Wonder if entrants will be told the AA of the "mystery hops"? *edit* - hops identity will be revealed.
Guess I could try for a few extra litres into the fermentor, then when it's done put 4.5 litres into bottles and keg whatever's left over.

Anyone else interested in entering this?
Anyone know anything about it?
Could be fun.

edit* The email on that page doesn't work, but I tried again without the "email" prefix in the link (had to copy, paste and edit manually) and that one seems to have gone through.


----------



## DU99 (5/12/11)

seems alot of beer..postage will be a killer


----------



## Spork (5/12/11)

Thats what I messaged the organisers. Will be held in Hobart. 
Hoping that entries can be submitted "on the day" rather than having to post them.
If they can, looks like Mrs Spork gets another weekend in Hob, and I get another trip to Cool Wine.


----------



## Spork (5/12/11)

Just got an email back from orgainser. Entries can be submitted on the day. No need to post. 

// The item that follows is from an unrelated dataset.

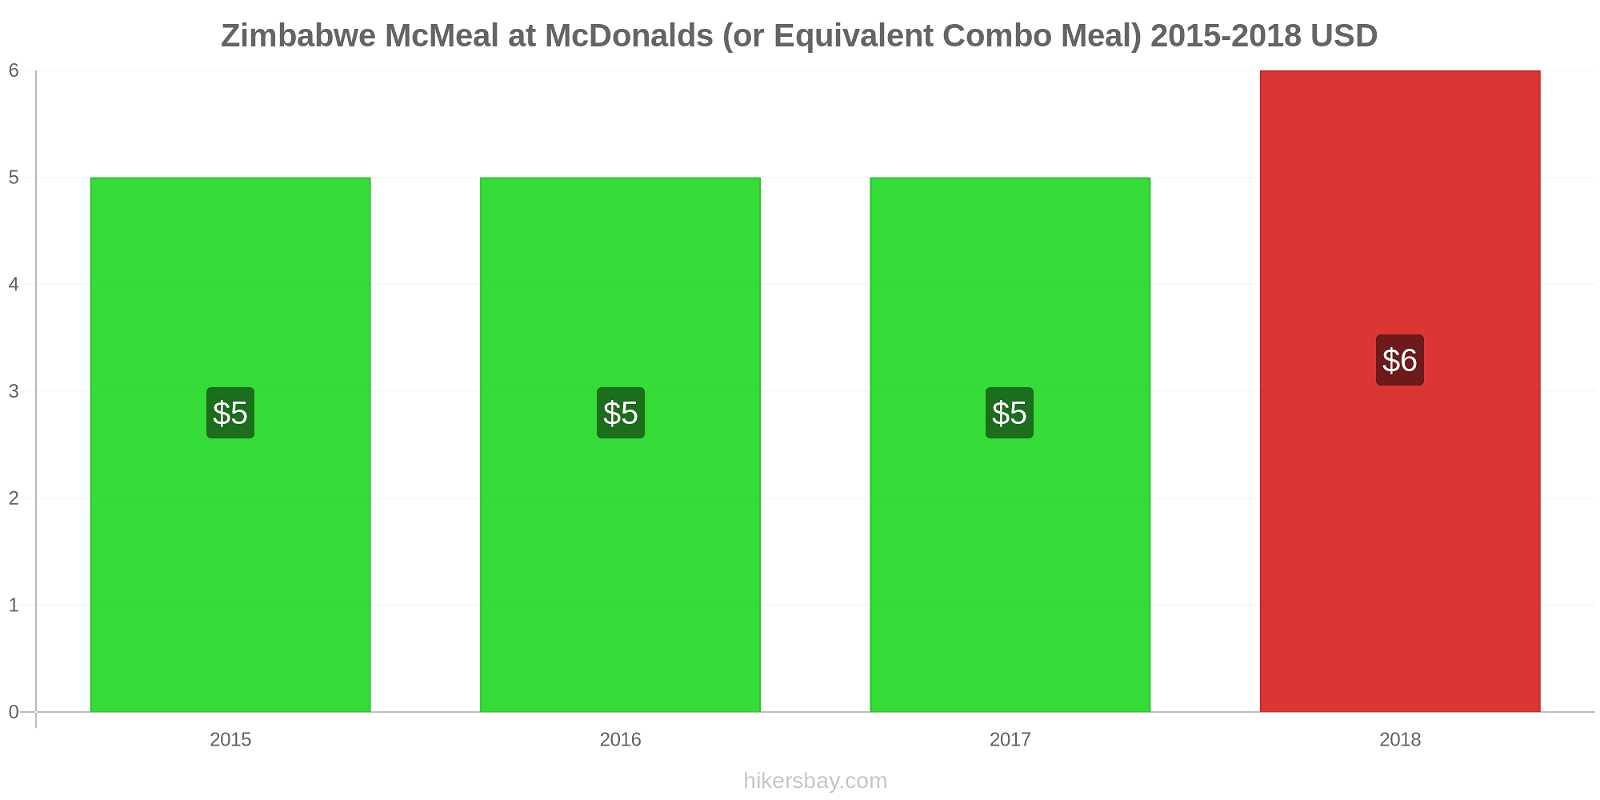 Zimbabwe price changes McMeal at McDonalds (or Equivalent Combo Meal) hikersbay.com

Loopks like I might be entering my first competition.

Anyone in / near Lonny got a 1 micron absolute filter I could borrow for a few bottles towards the end of Jan?


----------



## Amber Fluid (5/12/11)

6 Long Necks (4.5L) + $10 :blink: WTF are they going to do with so much beer?..... That's equivalent to a dozen stubbies!! yet you only get a few hops and a trophy if you win. imo that's outrageous. They say the $10 is to cover the cost of hops they give you.... obviously they're not happy with just a dozen stubbies!

It would be a good comp but I highly doubt there will be many entrants due to the amount needed to be submitted.

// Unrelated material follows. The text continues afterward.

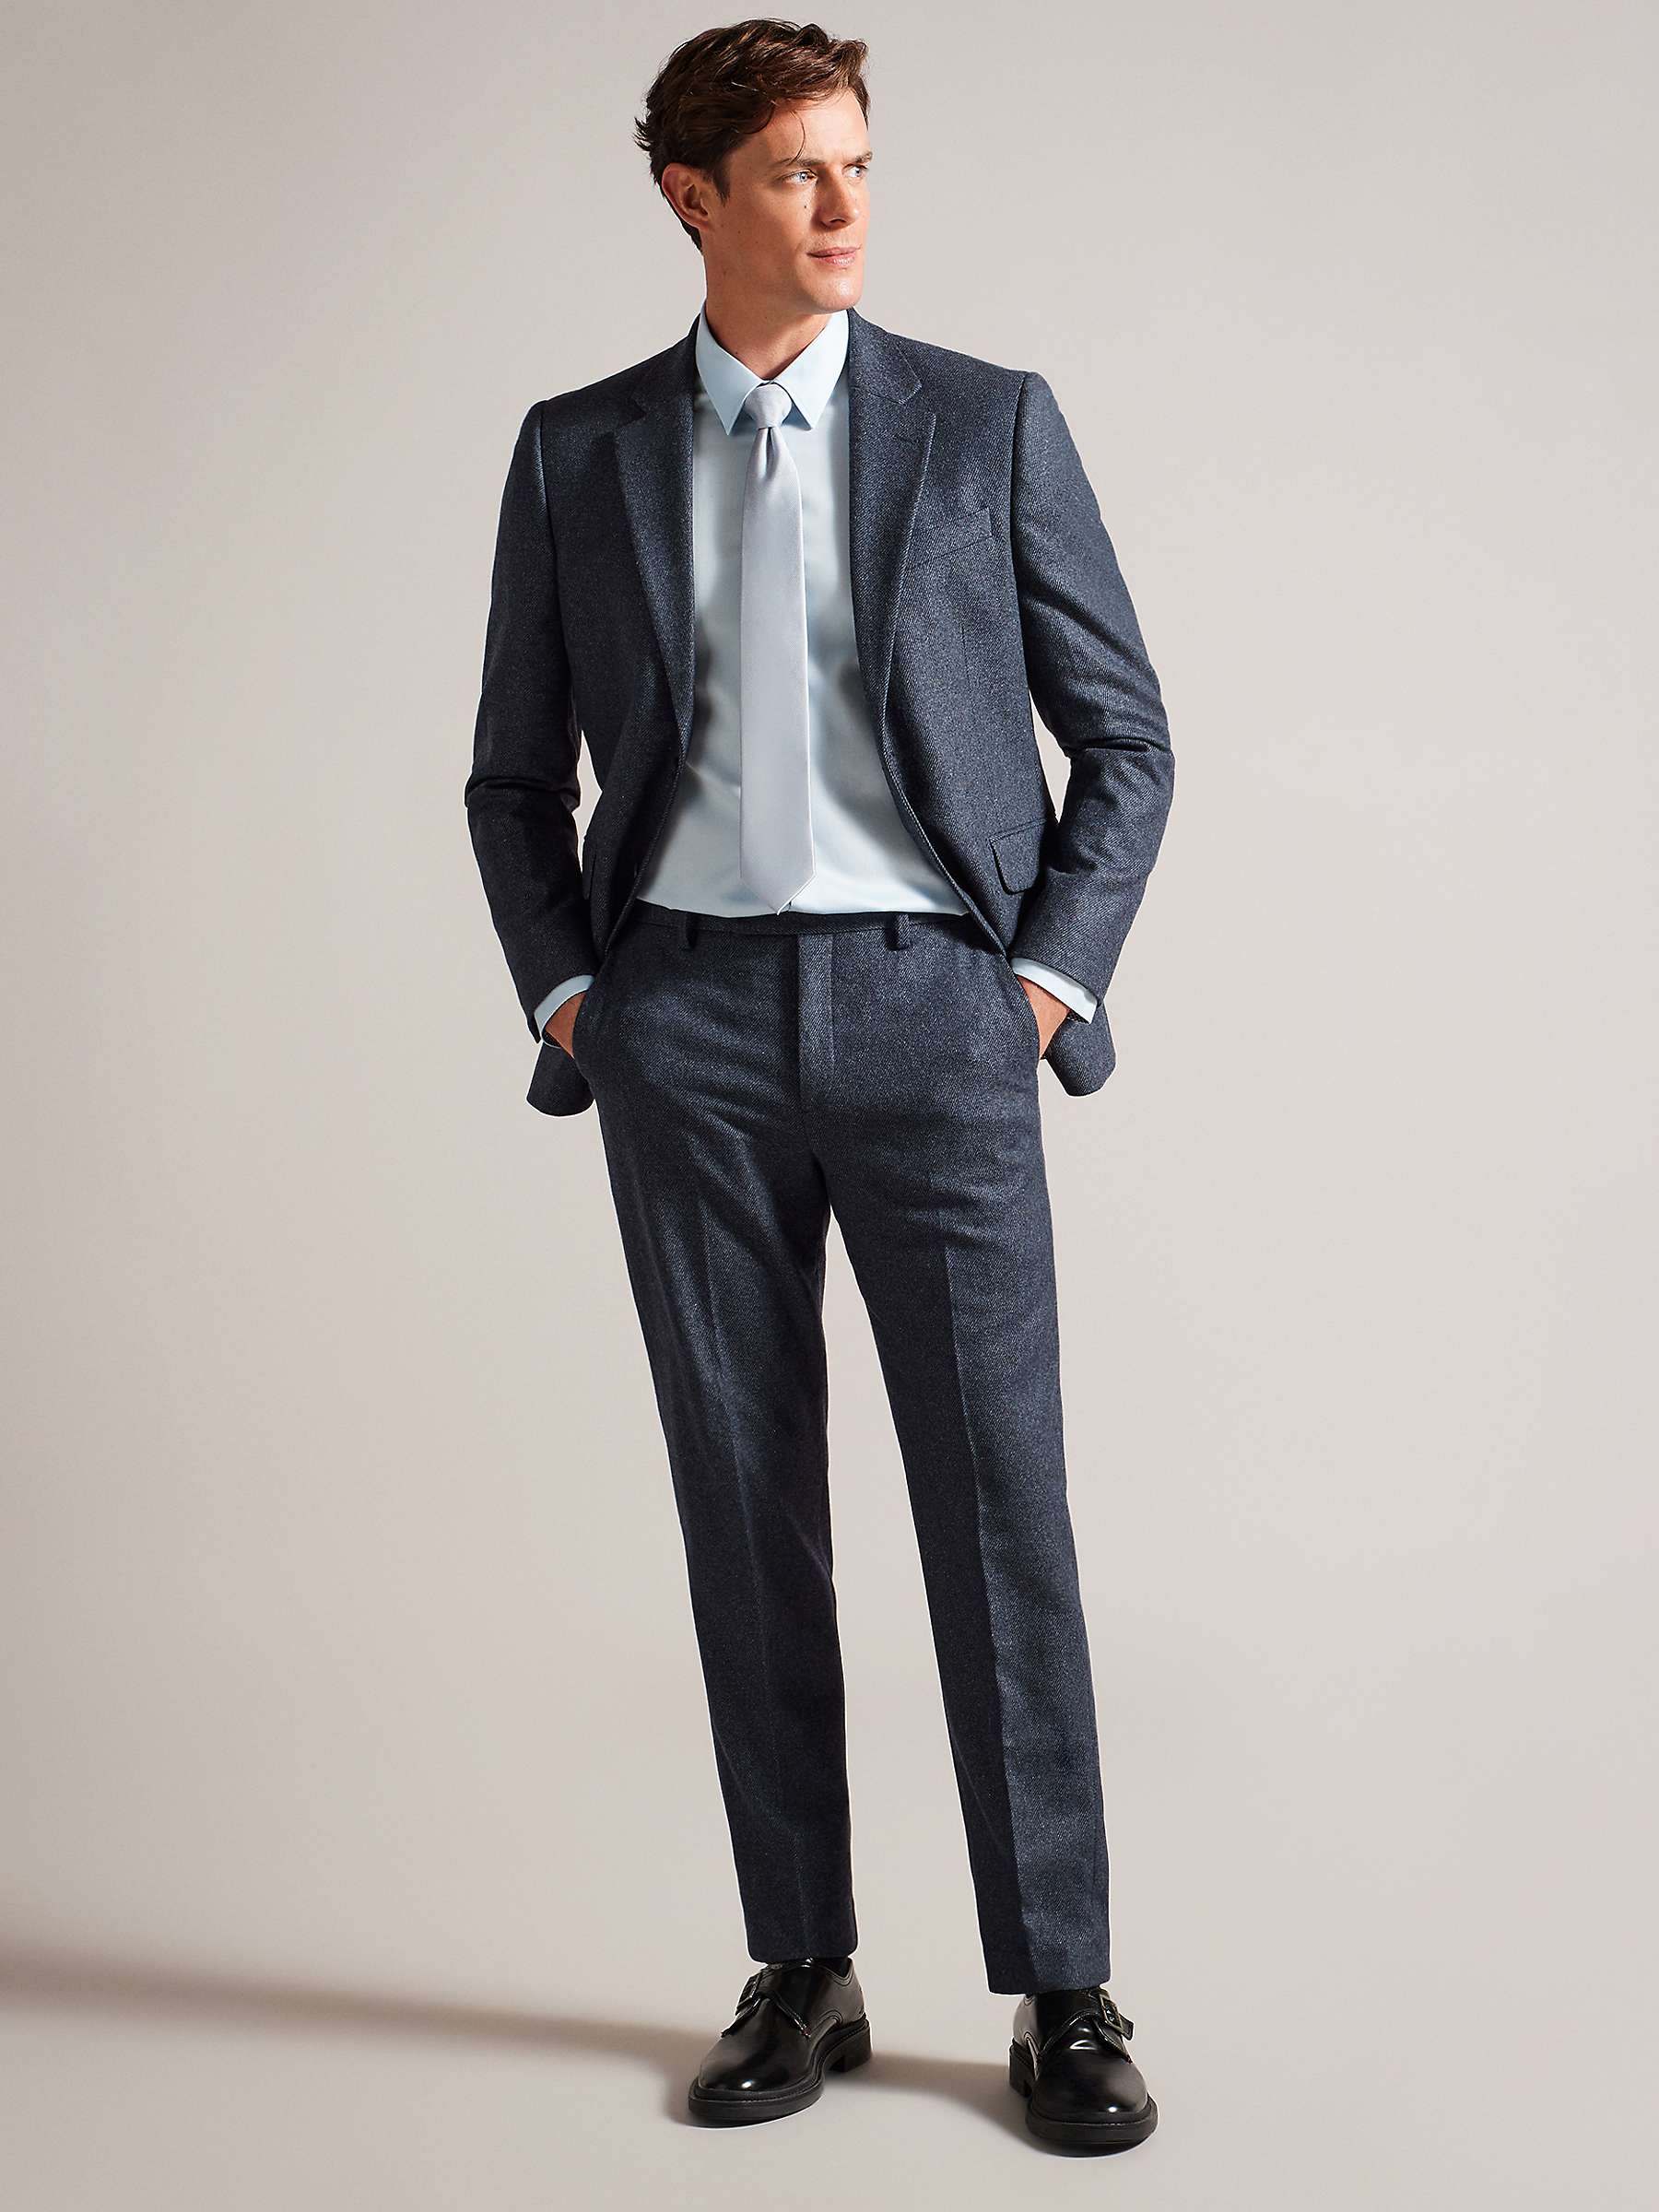 Buy Ted Baker Arthurt Slim Fit Wool Blend Tailored Trousers, Navy Online at johnlewis.com

What is it about Tassie?... surely there is something going on that will make things worth while.


----------



## Shifter (5/12/11)

Anyone know who the Tasmanian Beer & Ale Society are? What do they do?

6 long necks is certainly a little over the top. Wonder how many judges there are?


----------



## Amber Fluid (5/12/11)

> "Who's the Judge? = A blind tasting by those present at the BrewBQ scoring each brew out of 10. (In the event of a huge turn out the organiser reserves the right to appoint a panel of judges.)"


It sounds like every Tom, Dick and Harry from the "BrewBQ" will judge and no certified judges unless there is a huge turn out and then there is nothing to say that there would be experienced judges on the panel. (just a bunch of friend I reckon). I somehow doubt that will happen though.

Now I just need to work out how I can join the BrewBQ so I can get some free beer :icon_cheers:


----------



## dago001 (5/12/11)

Could be an interesting competition.
Maybe we should make more of an effort to support any competitions that come our way. 6 Tallies seems like a fair ask, however, as I would be brewing specifically for this competition, I don't really mind. I'm sure a few of us are a little gun shy after the BeerFest homebrew comp, I know that I am. However, as a fledgling mash brewer, I am after any feedback I can get.
I'm not sure what the postage is for 6 Tallies, however, Fastway can send 20kg for $22.00 from Burnie to Hobart, so maybe a few brewers can get together and combine shipping.
Get on board fellas, otherwise the Hopco challenge Trophy is heading to Burnie.


----------



## Amber Fluid (5/12/11)

I wouldn't count on experienced feedback by the sounds of things. Just opinions from a bunch of people.

Send me your 6 bottles & $10, I'll give you feedback, a trophy and handful of hops. Heck, I'd do it for everyone at that rate  

By all means though, I really shouldn't rubbish it as it is a good thing something happening around SLOWbart regardless of the archaic prices.


----------



## Maheel (5/12/11)

Shifter said:


> Anyone know who the Tasmanian Beer & Ale Society are? What do they do?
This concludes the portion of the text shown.